Ghanaian-American singer Ama Serwah Genfi, better known as Amaarae, has berated the Recording Academy, organisers of the Grammy Awards, for jam-packing all African music genres under one category at the award show.
We recall that the Grammys recently created a category for 'Best African Music Performance.'
The award organisers said the category is open to both contemporary and traditional music from the African continent, including Afrobeats, Afro-pop, Amapiano, High Life, Fuji, etc.
But in a recent interview with Metro TV, Amaarae said the packing of all African musical genres under a single category at the Grammys was "reductive."
She said:
"The idea of an African category [at the Grammys] is great in practice, but I think it is reductive. There are way too many categories to just placed under an umbrella of African music.
"Take a song like 'Sad Girlz', 'Calm Down,' or 'Calm Down' or 'Last Last'; these are all songs that didn't just do well in Africa but did well globally and had humongous global impacts. So, to me, they are popular records.
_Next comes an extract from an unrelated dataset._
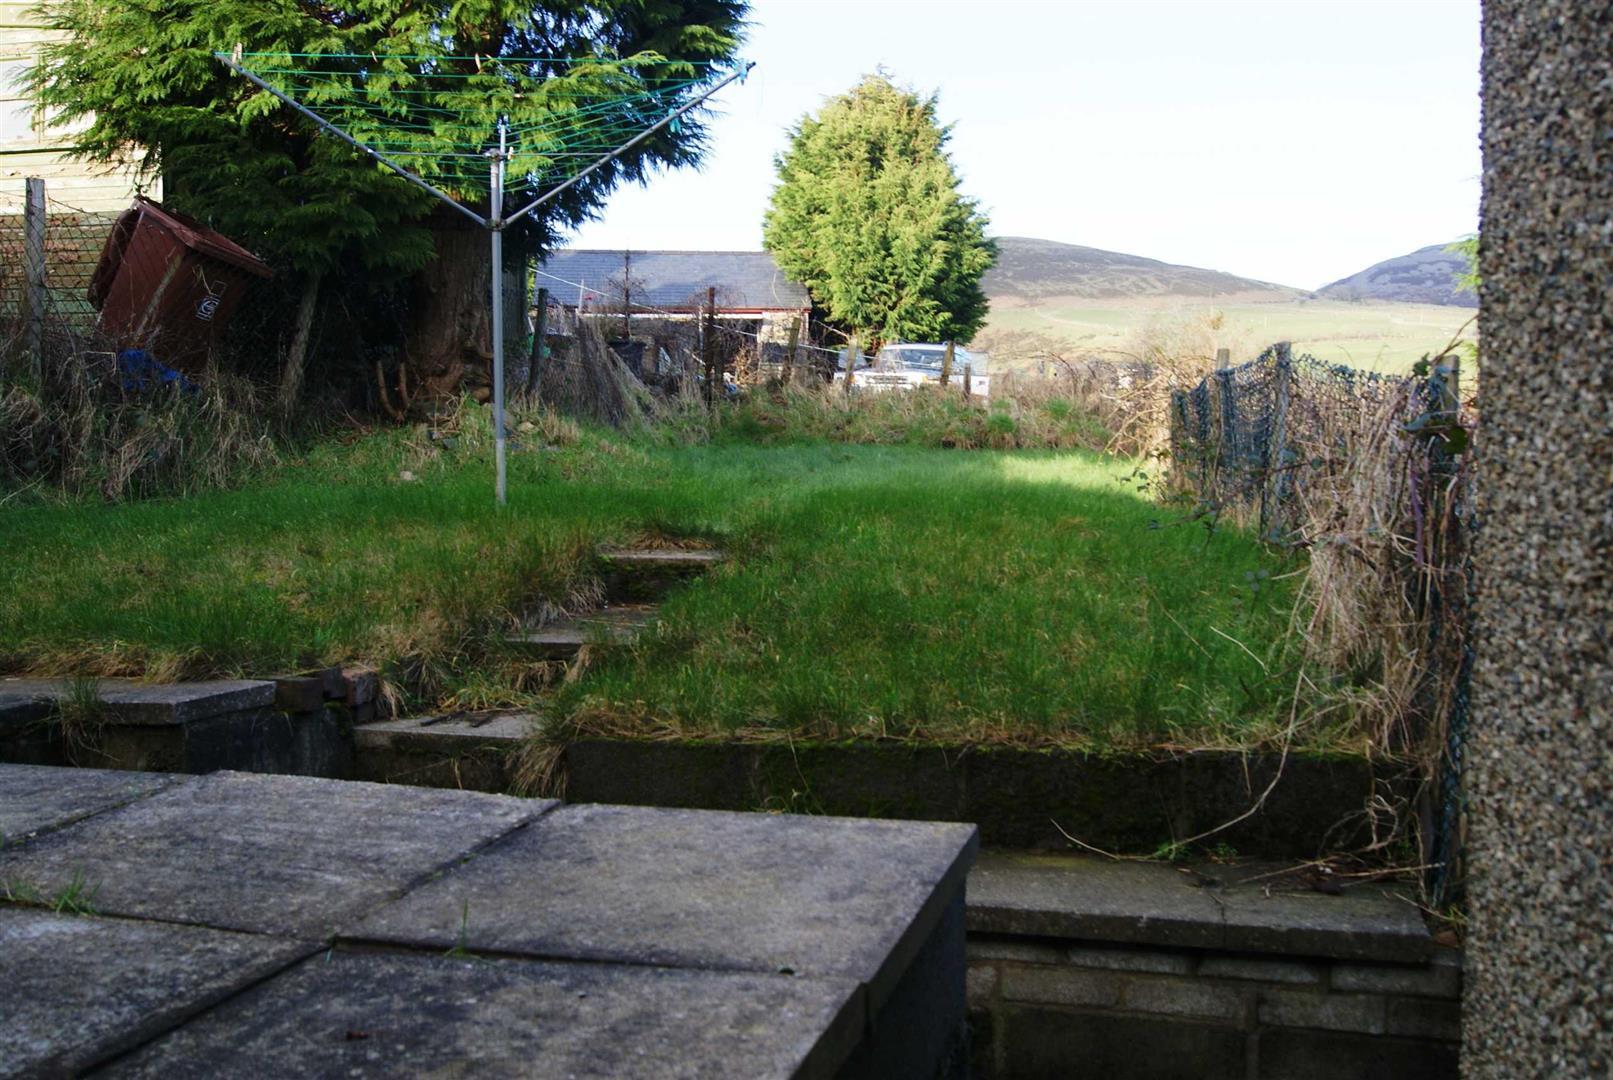 Tan Y Fynwent, Llanaelhaearn

"So, I feel like a record like [Rema's] 'Calm Down' with the remix with Selena Gomez, that should be able to compete in pop categories [at the Grammys]. I feel like [Burna Boy's] 'Last Last' should be able to compete in hip-hop, RnB or pop categories and not be relegated to just the African category because that's reductive of the works that [African] artists have done to break boundaries."